Du coup, pour financer les nouvelles LGV, l'État et les collectivités territoriales devront, très prosaïquement, « cracher au bassinet ». Compte tenu de la baisse des dotations de l'État, de leur endettement - pour certaines déjà trop élevé - et de la résistance des électeurs à l'augmentation des impôts, les collectivités territoriales auront bien du mal à aller au-delà des engagements qu'elles ont déjà pris dans cadre du financement de Tours-Bordeaux.
Et dans le jeu du « tu me tiens - je te tiens par la barbichette » avec ces collectivités, l'Etat se retrouve bien en première ligne pour débusquer les 13 milliards d'euros nécessaires pour financer les LGV Bordeaux-Toulouse et Montpellier-Perpignan. Il devra donc, à peu près sûrement, augmenter la dette maastrichtienne de la France puisqu'il ne peut plus se défausser sur la SNCF. Nos amis européens risquent de ne pas apprécier la plaisanterie vu les risques que notre niveau d'endettement fait courir à toute la zone euro.
Mais si la rentabilité économique et sociale de ces LGV est avérée, « ON » pourra toujours plaider qu'il s'agit d'augmenter la « bonne » partie de la dette, celle qui favorise la croissance, d'autant que la France peut emprunter à des taux dérisoirement bas.

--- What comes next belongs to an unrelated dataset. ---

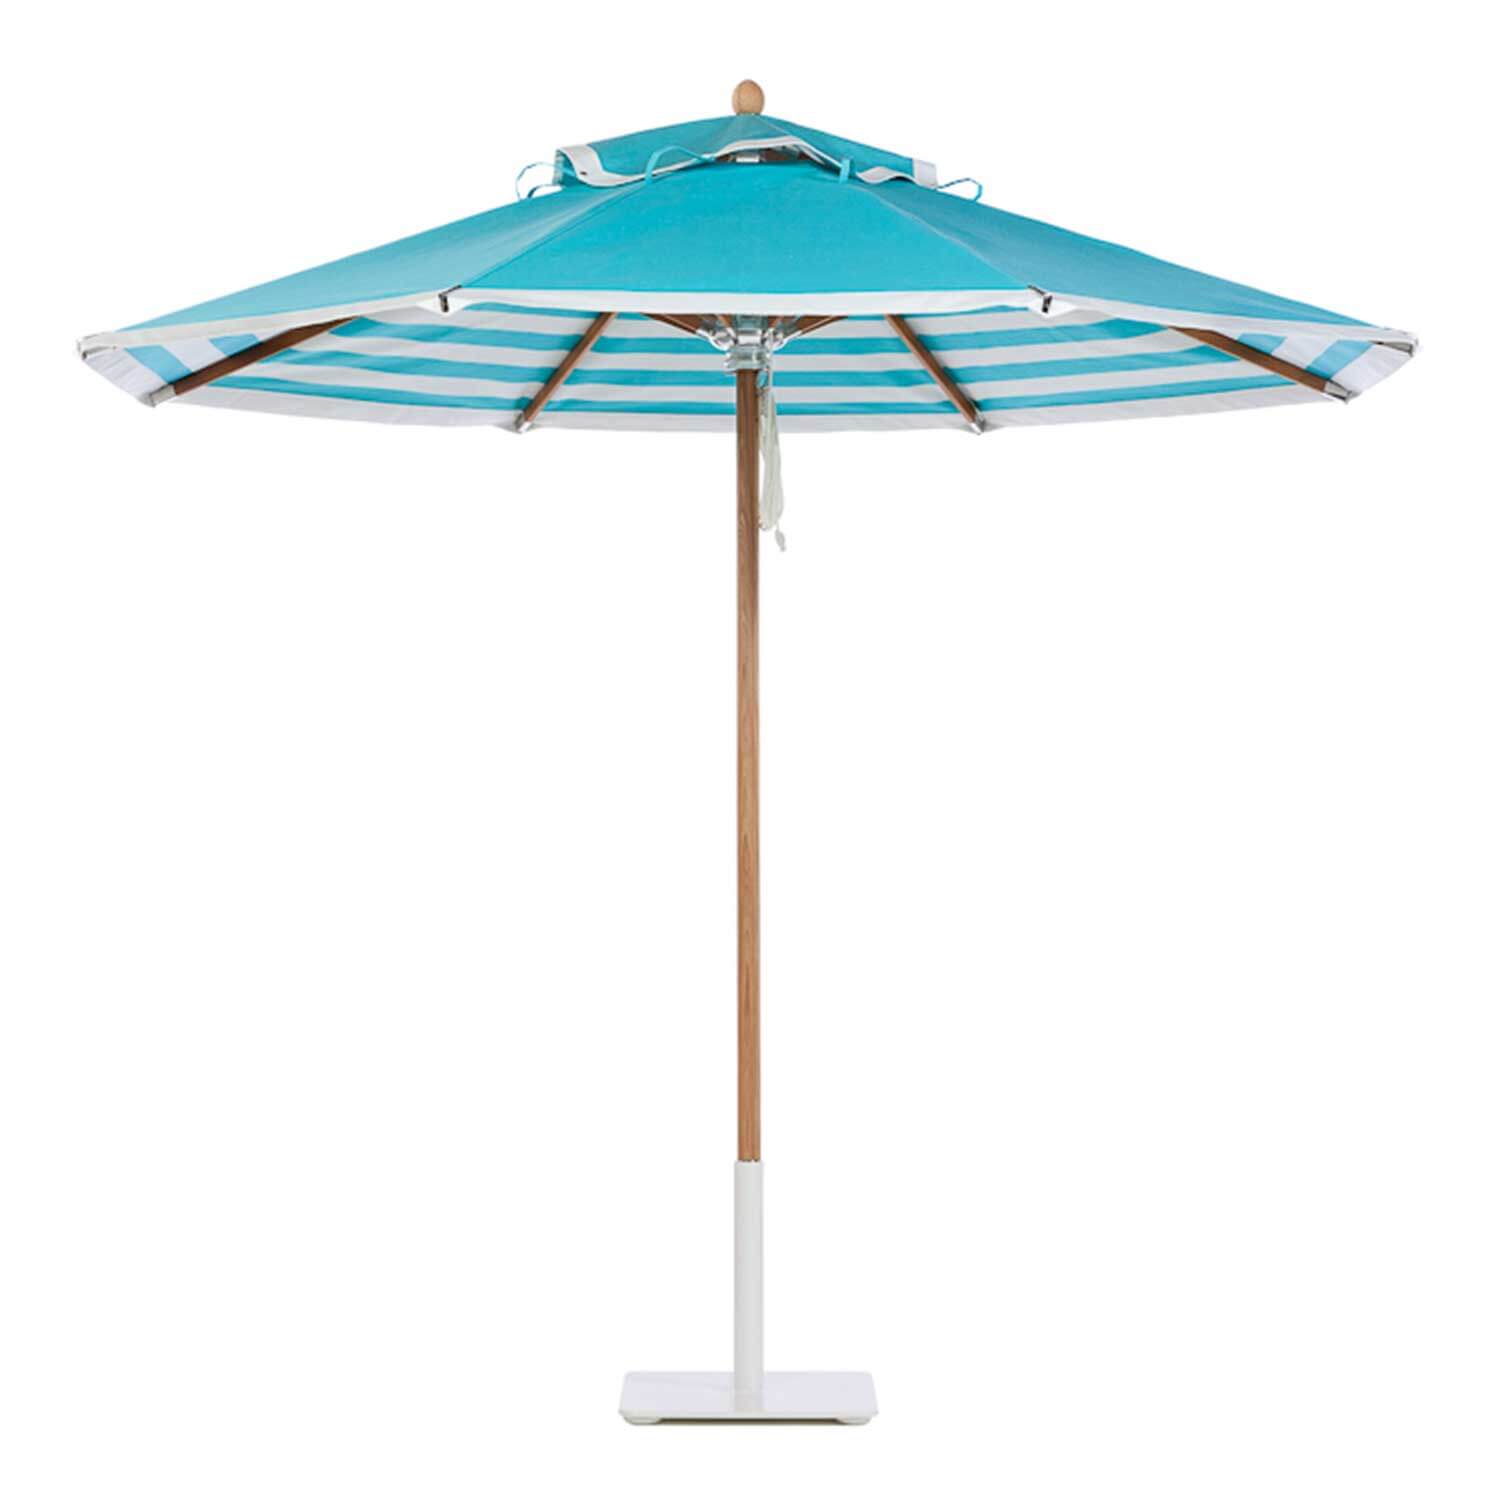 Aqua Sea Umbrella Image
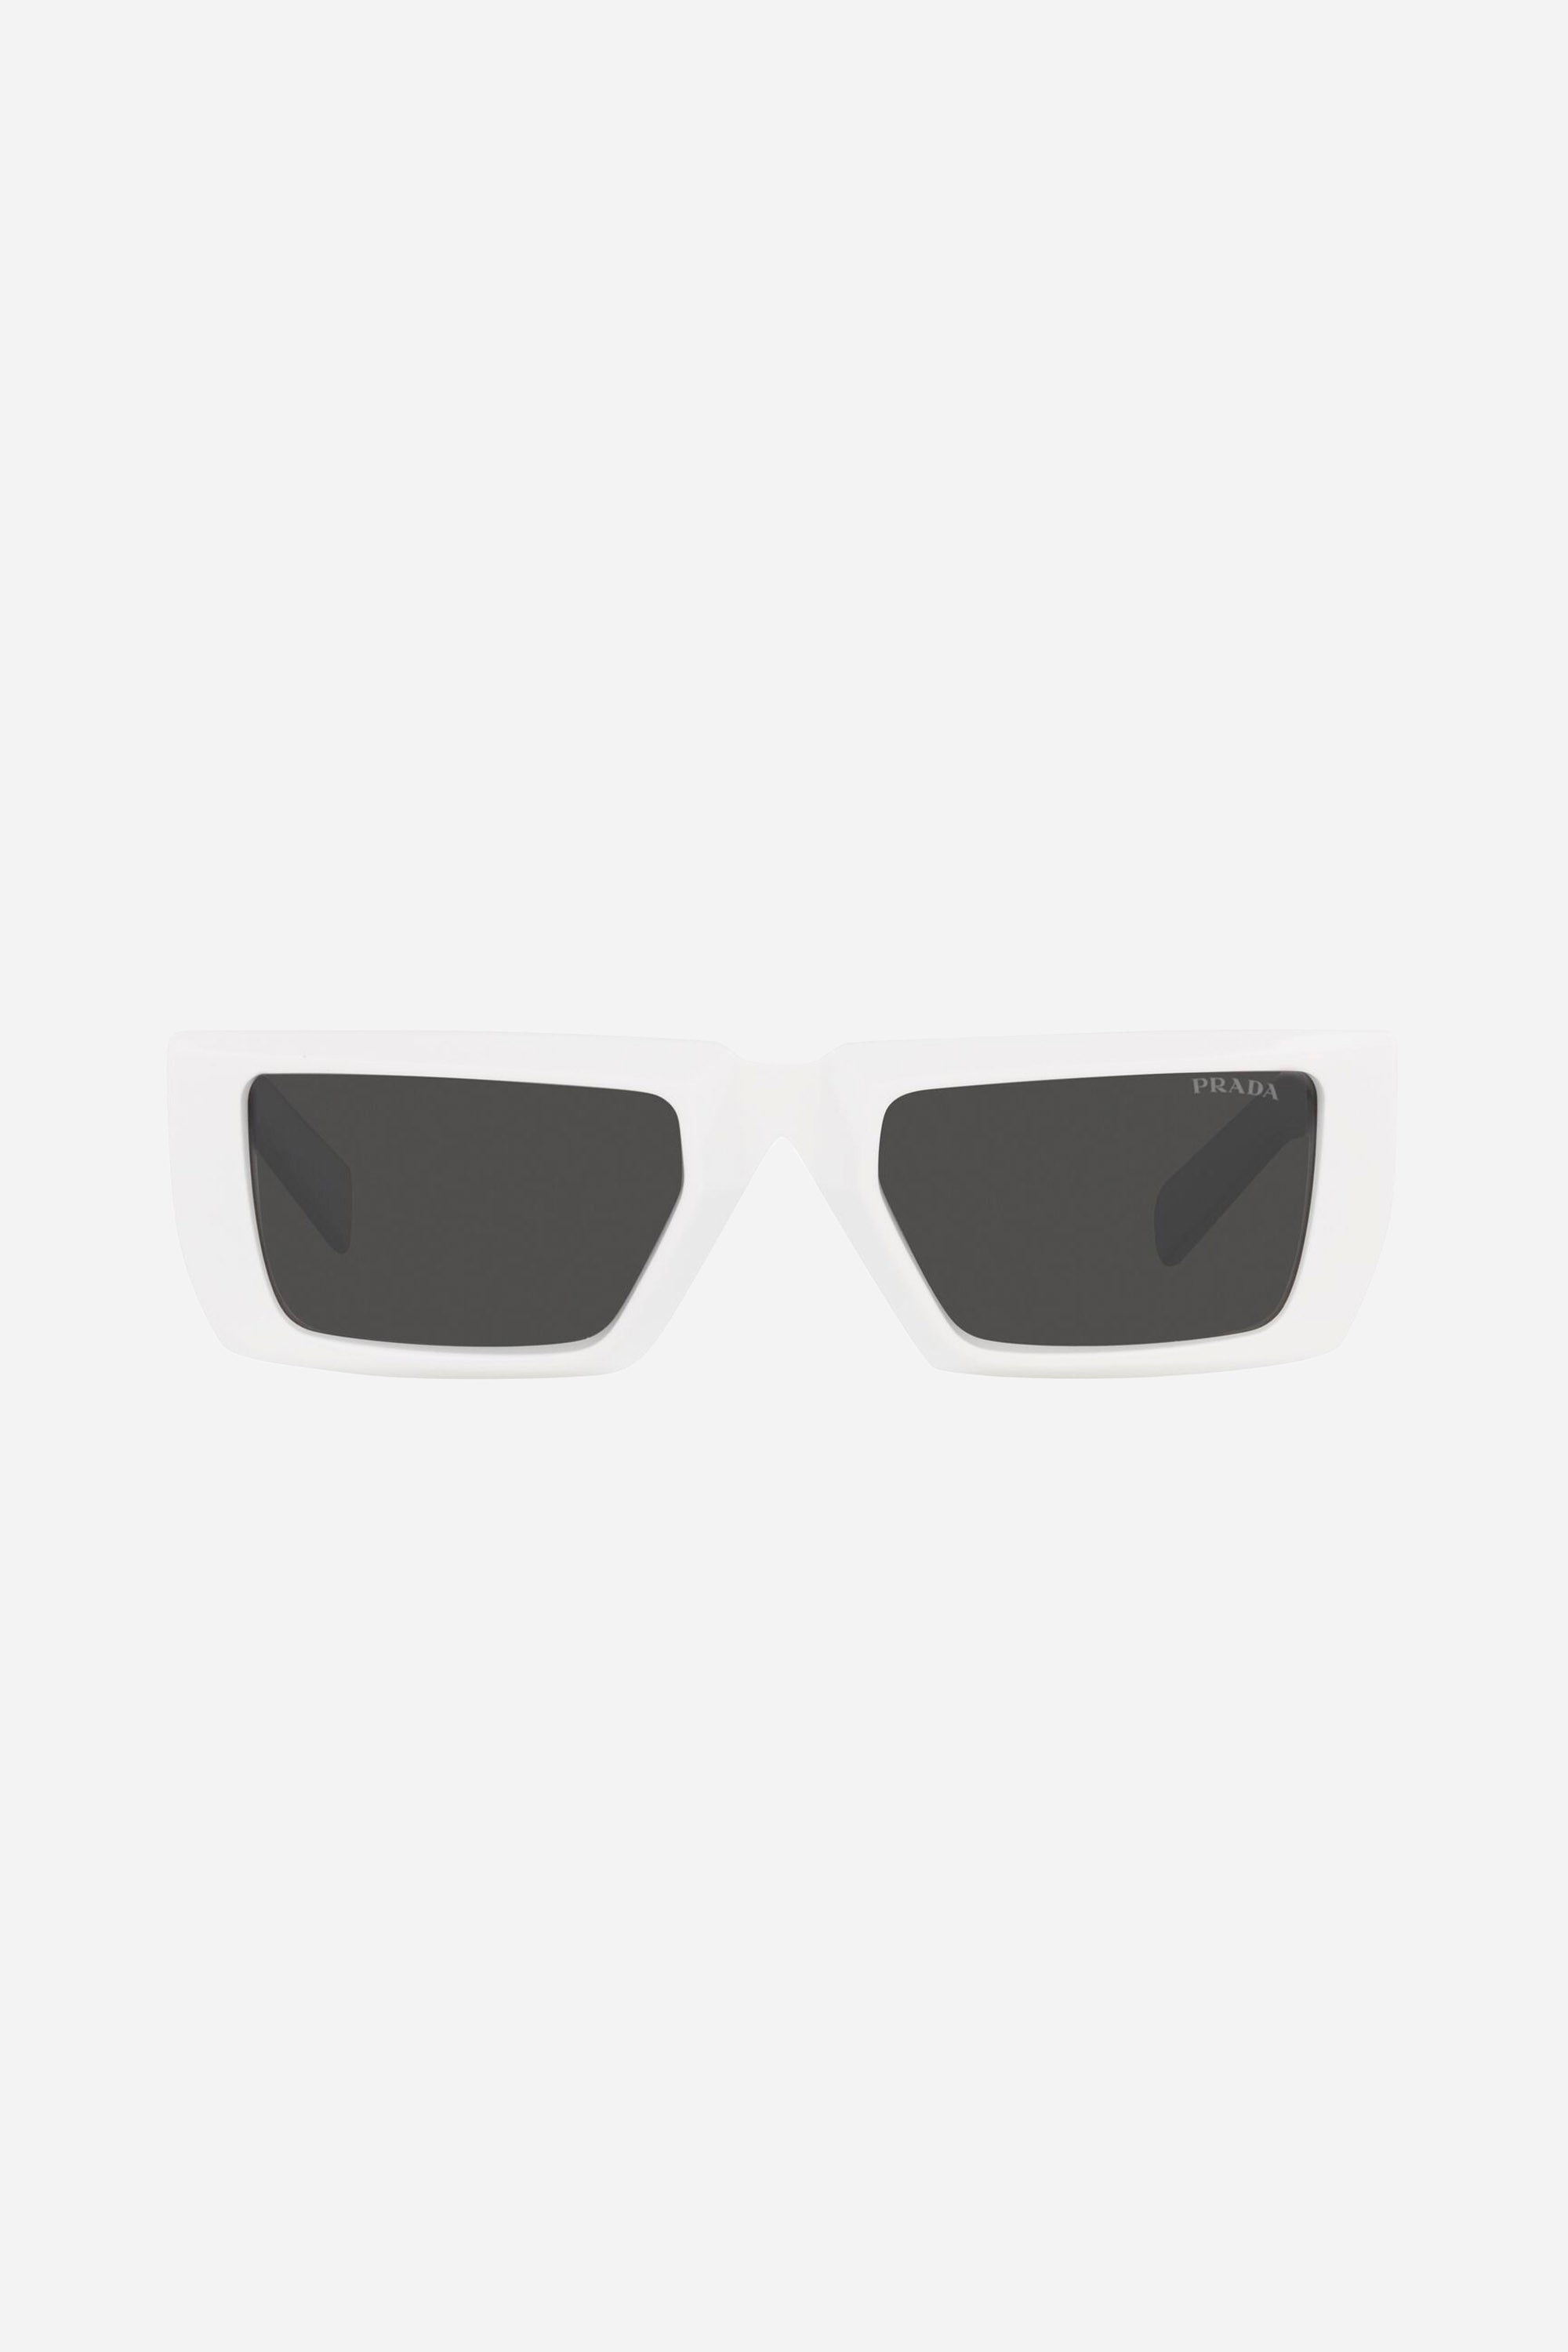 Prada runway squared white sunglasses - Eyewear Club

Une rentabilité acceptable
Débarrassée de l'improbable branche Bordeaux-Dax (comment imaginer que la bonne ville de Dax puisse, à elle seule, générer assez de trafic pour financer une infrastructure dont chaque kilomètre coûte au bas mot 20 millions ?), la LGV Bordeaux-Toulouse (en gros 5 à 6 milliards) a une rentabilité acceptable, rentabilité qui va aller en s'améliorant grâce au développement économique prévisible de Toulouse. Comme d'autres grandes opérations d'investissement arrivent à leur terme, il n'est alors pas complétement farfelu d'envisager que le destin de cette infrastructure se concrétise favorablement.
Un financement privé?
On pourrait être même franchement optimiste si un financement privé pouvait s'ajouter utilement à l'argent public rare et cher. Pourtant tout un chacun semble refroidi - pour ne pas dire plus - par la tournure des négociations autour de la concession concernant Tours-Bordeaux. Avant de jeter le bébé avec l'eau du bain, cette option devrait cependant être explorée. La mise en concurrence de différents groupes pour l'obtention de la concession sur Bordeaux-Toulouse permettrait de comparer avec ce qui se passe pour les LGV en cours de construction (Tours-Bordeaux, Bretagne-Pays de Loire et Contournement de Nîmes-Montpellier), alimenterait les décideurs en information pertinente et leur apporterait des degrés de liberté qu'ils ne manqueraient pas d'appliquer, en bons pères de famille bien sûr, aux fins d'une gestion économe des deniers publics, c'est-à-dire pour une répartition plus raisonnable entre financement par le contribuable et par le voyageur.
Un appel d'offres pour exploiter Paris-Bordeaux-Toulouse?
Et ne parlons pas de ce qui se passerait si l'ensemble de l'exploitation de la ligne Paris - Bordeaux - Toulouse pouvait être proposée, au travers d'un appel d'offres, aux grands opérateurs ferroviaires de taille internationale et serait ensuite assuré, dans le cadre de contrat de gestion, par celui qui aura proposé la meilleure proposition de service, en vue notamment d'une baisse des coûts de fonctionnement. Même pas en rêve ? Certes le cadre légal n'existe pas encore pour un tel scénario, mais c'est tout d'abord une affaire de volonté politique. Et notre opérateur historique n'a-t-il pas toute l'énergie et la compétence pour être gagnant dans une telle procédure, classiquement utilisée pour organiser le fonctionnement et la gouvernance des industries de réseau ?
Ajouter au menu les LGV Montpellier-Perpignan, Toulouse-Narbonne et inévitablement Bordeaux-Dax-Espagne risquerait d'être trop indigeste pour l'Etat. En revanche, avec l'élection présidentielle dans 15 mois qui ouvre des espaces, les élu-e-s du Sud-Ouest sauront profiter de l'alignement actuel des planètes pour marquer entre les poteaux et remporter Bordeaux-Toulouse. Et ce sera d'autant plus facile qu'ils seront prêts à envisager d'autres formes de financement et de gestion du service public.